The ancient granite, encrusted with Vartun's wolf crest, is covered in moss, and the border stones loom. "My knees burn, raw against the ground, while the cloak trails behind me in the mud."
Aleric's footsteps break the stillness behind me, and his growl reverberates through the trees:
"You're mine, Pearl. Run, crawl, it won't matter!"
The black river coughs mist behind me as I drag my ribs over the first stone. The hiss of the arrow pierces the silence—gets closer—gets too close —
I move forward. In the mud where my throat would have turned red, the arrow buries itself.
I release my breath in a ragged bark that could be a laugh. One last drag, one push. My stomach rubs against granite. My lips sting from the frost. I'm crossing.
On Vartun's edge, the hounds of the orchard choke, and Pandara's silence dies behind me.
Aleric's yell splits the trees, but he has to stop. The laws of Vartun demand blood from trespassers. These stones are beyond the reach of Kaela's claws.
I feel dizzy.
[Pearl collapses].
Mud swallows my face, and frost bites my ears. It is the black lullaby of the river.

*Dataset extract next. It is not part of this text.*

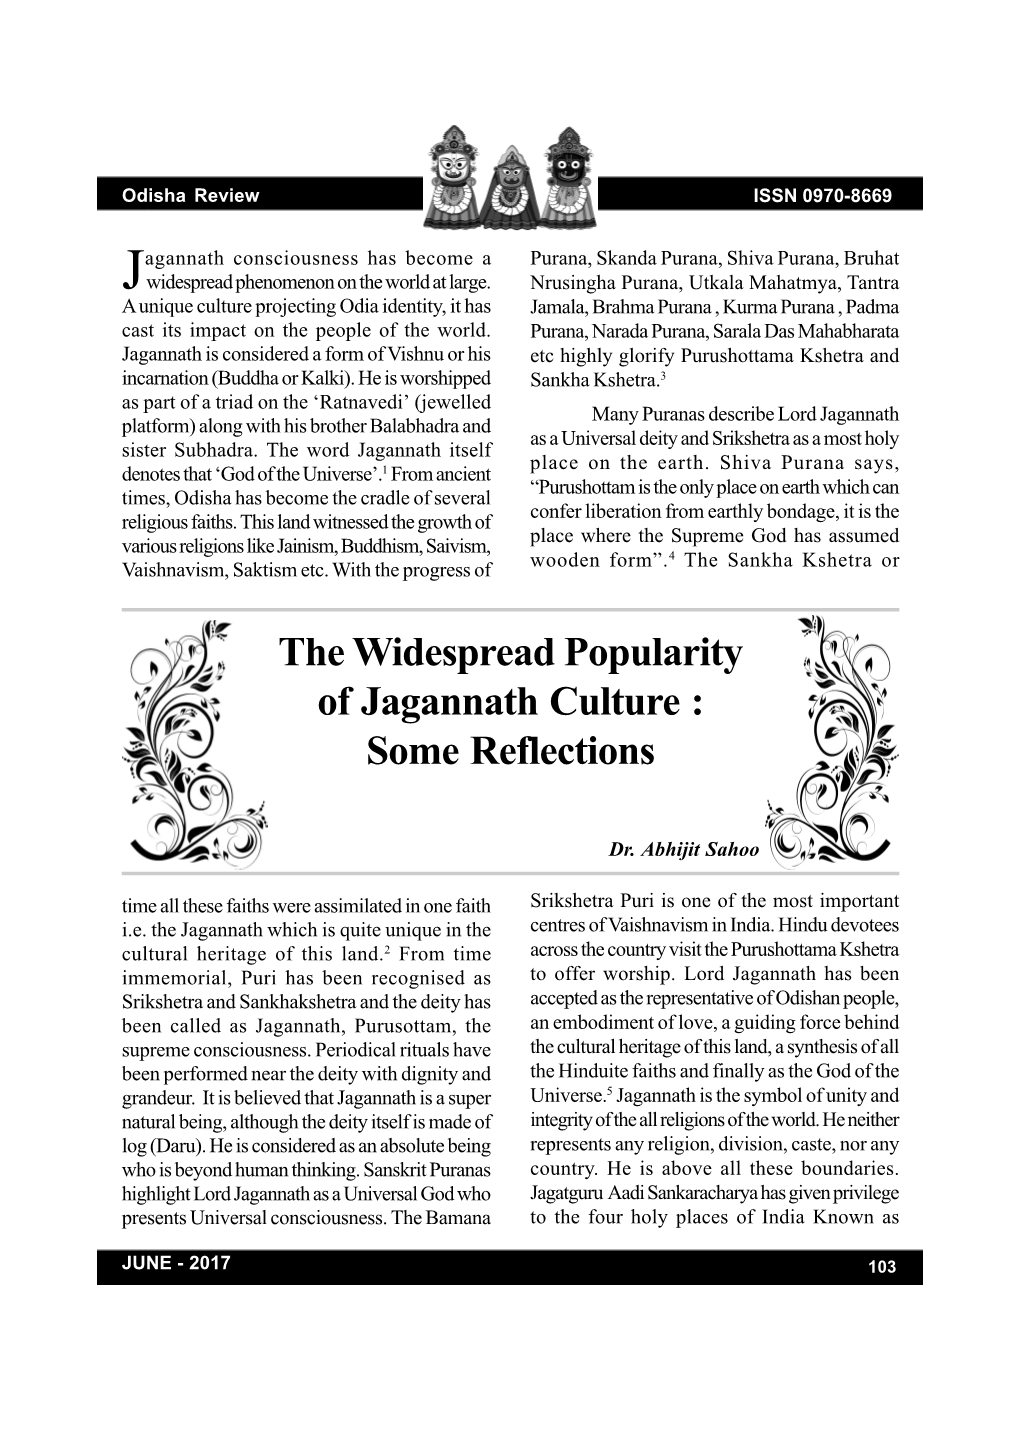 The Widespread Popularity of Jagannath Culture : Some Reflections

"I am out!!! I am finally free."
A shadow obscures the moon, broad shoulders, and fur-lined leathers; the wolf beside him flicks its ears and opens its yellow eyes like twin lanterns.
He kneels, and for the first time in far too long, I feel the warmth of a living thing.
His gloved hand gently but firmly removes the frost from my temple.
His breath, which tastes of winter and iron, lingers in my ear.
"Not dead yet, are you, little stray?" Old woods, wild silence, and Vartun's teeth all permeate his voice. "Good."
As the wolf sniffs the blood smeared on my wrists, its muzzle dips, and steam curls from its nostrils. It flashes its teeth, but not at me, at the ghosts behind me.
I swear I hear the orchard sigh somewhere, Kaela's cry smothered by trees that will never care for her.
The man's rough, bark-calloused fingers slide under my chin. He tilts my face in the direction of the moon. I can see his eyes; they are alive but as cold as the river.
"He whispers, "Looks like Pandara lost something valuable tonight." His mouth corners up in a smile that is more menacing than consoling.
"Or perhaps it at last spat out what it was unable to kill.
I wish to inquire, "Who are you?"
But before I can form the words, the silence slips down my throat.
The last thing I see is the man's grin, which is as sharp as freshly cut bone, and the wolf's eyes darting to the orchard.
"Sleep, stray," he whispers. "You're ours now."
The orchard behind me then crumbles like a dream I no longer belong to as the darkness envelops me.